One of the ways we threaten reliability is by imposing draconian measures on our communities that while well-intentioned, actually create an adverse effect on the businesses and families within our communities – and future innovation. One trendy effort underway worth warning every energy consumer about are some local governments that are proposing bans on natural gas for new homes and businesses as a means to combat climate change. They’ve also suggested banning gas-powered leaf blowers and lawnmowers.
Sounds harmless, right? So what if everything going forward must be powered (or charged) by electricity? Especially if it’s in the name of a cleaner environment?

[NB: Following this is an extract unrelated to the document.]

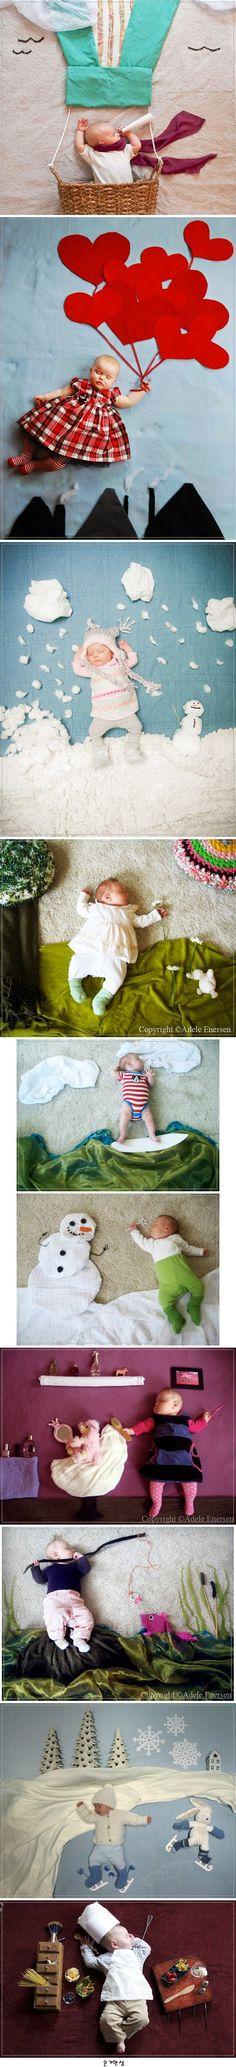 Mila's Daydreams 잠자는 아기 몰래 찍은 컨셉사진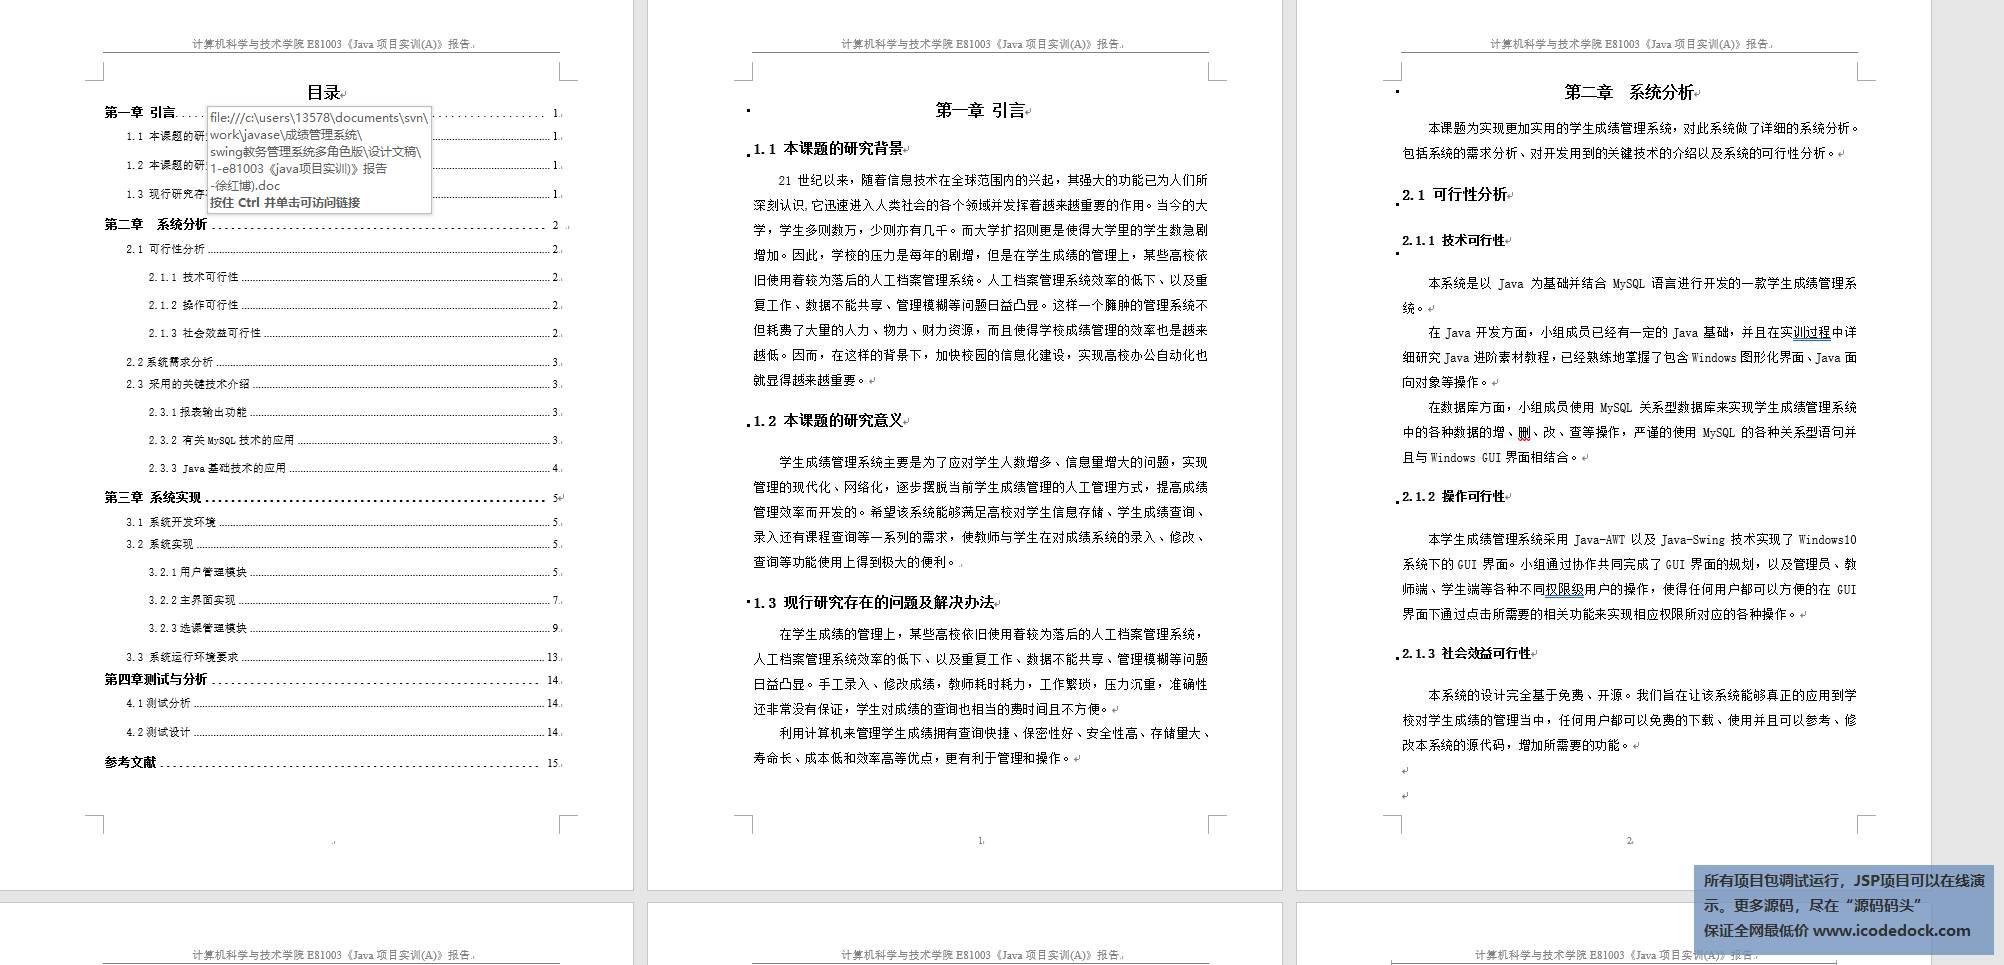 源码码头-swing教务管理系统多角色版-设计文稿截图-目录

While likely well-intentioned, “A lot of times when people are managing the real basics, the idea of upgrading is seen as beyond the current needs,” said Diana Hernandez, a professor of sociomedical sciences at Columbia University who authored a paper in 2012 on how to develop energy efficiency programs for low-income people.
There are also several more key factors to consider.
One of the challenges with 100 percent electrification is that our power grid was never designed to be dominated by only one fuel source. And that’s because a diversified, all-of-the-above energy plan is most reliable, allowing the option to switch fuels as needed, or as prices change.
Natural gas is great for heating things up, like your home and appliances like stoves, ovens, and hot water heaters. Natural gas also helps provide power when solar and wind power aren’t generating energy. Even as we account for the new development of solar and wind, which are taking off in rural areas of our country, they still only contribute about 18 percent of our energy sources, with .oil, natural gas, coal and nuclear energy accounting for the rest of our power make up.
Because our current infrastructure isn’t ready to handle a single source power load without the proper money and time to build out and upgrade the existing grid, such a fast change would not come without disruptions like black and brownouts, or other inconveniences. This is something consumers need to consider as they vote for policymakers who are pushing aggressive energy bills through their state legislatures.
Though this has led some states, like New Mexico, to start investing in grid modernization, others don’t have the funding or have instituted onerous policies that didn’t take the grid into consideration. Forgetting to account for each piece of the supply chain is like playing chicken at the expense of our communities.
So what if you were told tomorrow that you had to pick which appliances or devices to power as energy reliability failed?
More power from more sources creates reliability. Let’s keep it that way by pushing forward with efforts that support balanced energy solutions and allow for the responsible development of all resources and the affordable energy they provide. Supporting an all-of-the-above approach and blending of multiple fuel sources is the answer to helping us through this exciting and ever-changing era.